I just got a 5 foot diamondback and want to keep the hide for bow backing at a later time. What is the best way to do this?I know about the borax and 50/50 glycerine and alcohol mixture. this makes the skins soft. Is a soft skin good for backing a bow or just dry it and rehydrate prior to use?


----------



## Philbow (Sep 3, 2012)

bronco611 said:


> I just got a 5 foot diamondback and want to keep the hide for bow backing at a later time. What is the best way to do this?I know about the borax and 50/50 glycerine and alcohol mixture. this makes the skins soft. Is a soft skin good for backing a bow or just dry it and rehydrate prior to use?



Flesh and dry it.


----------



## bronco611 (Sep 4, 2012)

Thanks Philbow, It has been fleshed and is drying as we speak. Thank you for the info I hope it turns out well.


----------



## Philbow (Sep 4, 2012)

After it is dry you can store it at room temperature in plastic bags or freeze it. I freeze mine just to make sure "bugs" do not get it. When you are ready to use it rehydrate it in warm, not hot, water. I've used rabbit skin glue on my snake skin backed bows, but I've read titebond wood glue will also work. Good luck on the bow.


----------



## bronco611 (Sep 5, 2012)

I will probably put it up in the box I have all of my back sinew Which I use on arrows until I decide to make a new bow or just skin one of the 3 I have already made. The only question I have is that if I decide to skin one of my bows do I need to strip the finish off before skinning it or not.


----------



## Philbow (Sep 6, 2012)

I would remove the finish on a self bow, If it is a laminated bow I simply do not know.


----------



## bronco611 (Sep 6, 2012)

It is a board bow with rit dye and wipe on poly.

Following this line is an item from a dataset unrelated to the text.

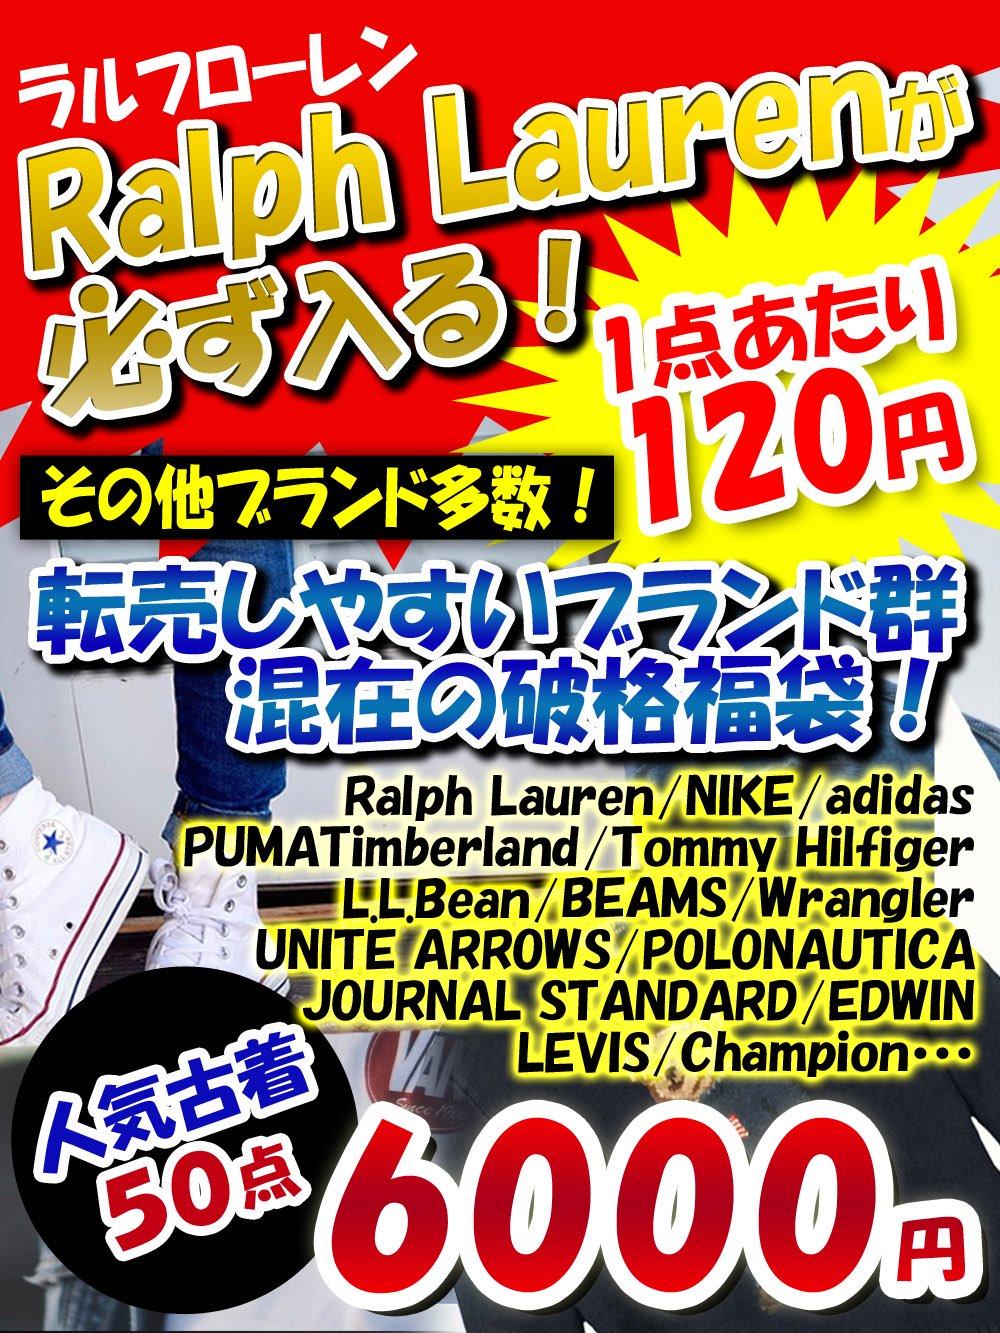 【Ralph Laurenが必ず入る】毎回完売!転売楽々ブランド群混在!破格古着福袋!【50点】6000円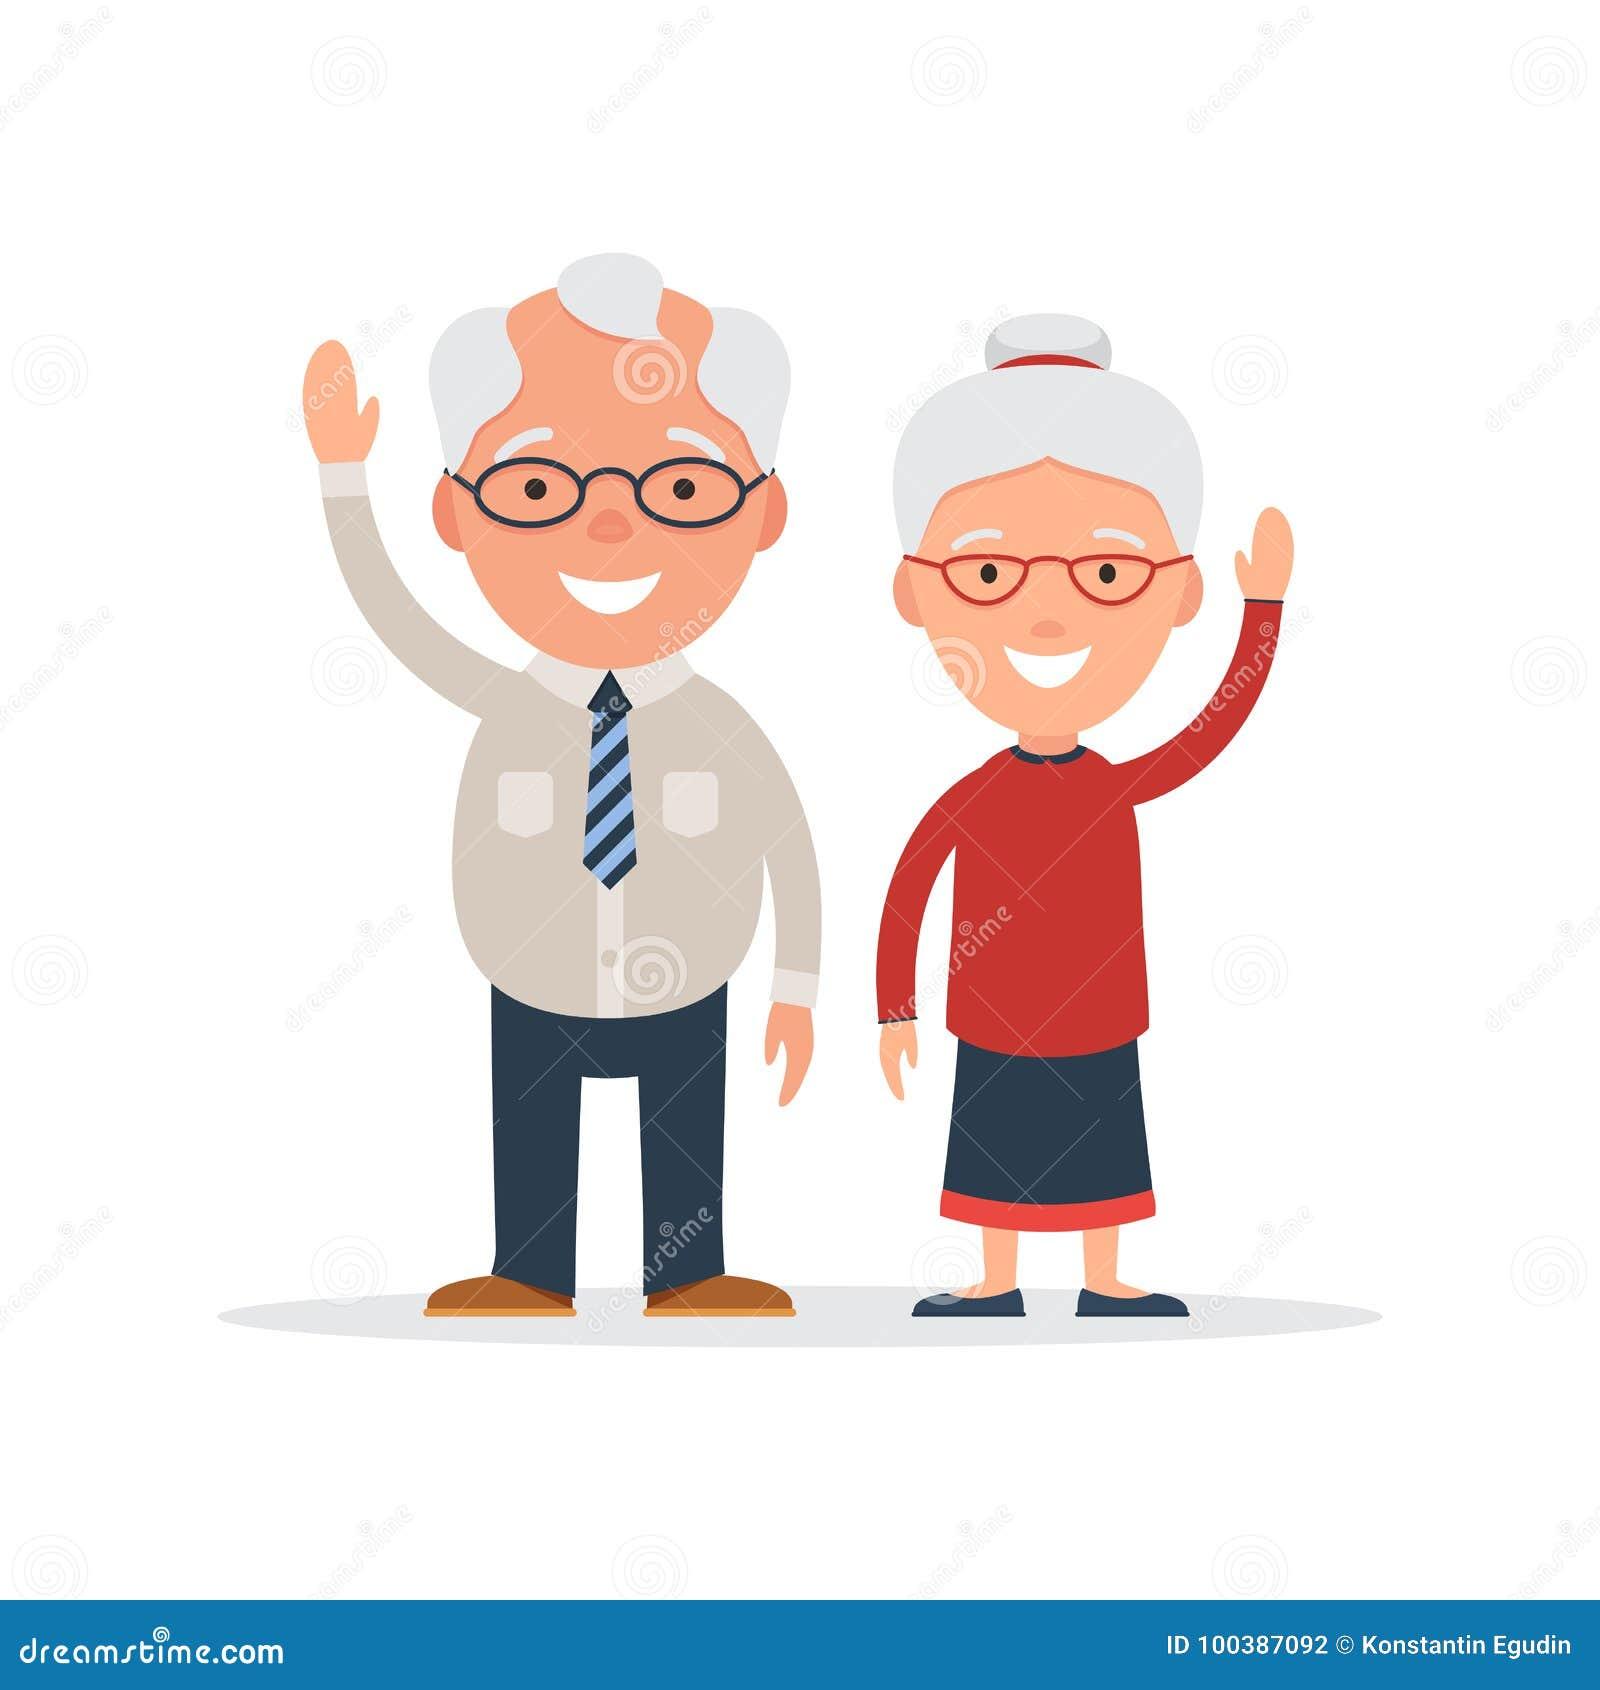 Wishes to Grandpa Happy Elderly Man 60

Thanks for the info.


----------



## Buddy Darden (Sep 8, 2012)

I too have a snake skin to prepare. When you say dry it, do you put anything on the skin or just air dry.


----------



## NCHillbilly (Sep 8, 2012)

Just flesh it and air dry it. You don't want a tanned snakeskin for bow backing.


----------



## Tailfeather (Jul 30, 2013)

Bump....will drying the skin with borax or salt be ok for backing a hickory selfbow?  It'll be soaked prior to putting on the bow.


----------



## Philbow (Jul 30, 2013)

The skin on the bow in my avatar was a borax dried skin. I just made sure all the borax was dissolved (I think I used 3 water changes and soaked it overnight for the first wash).


----------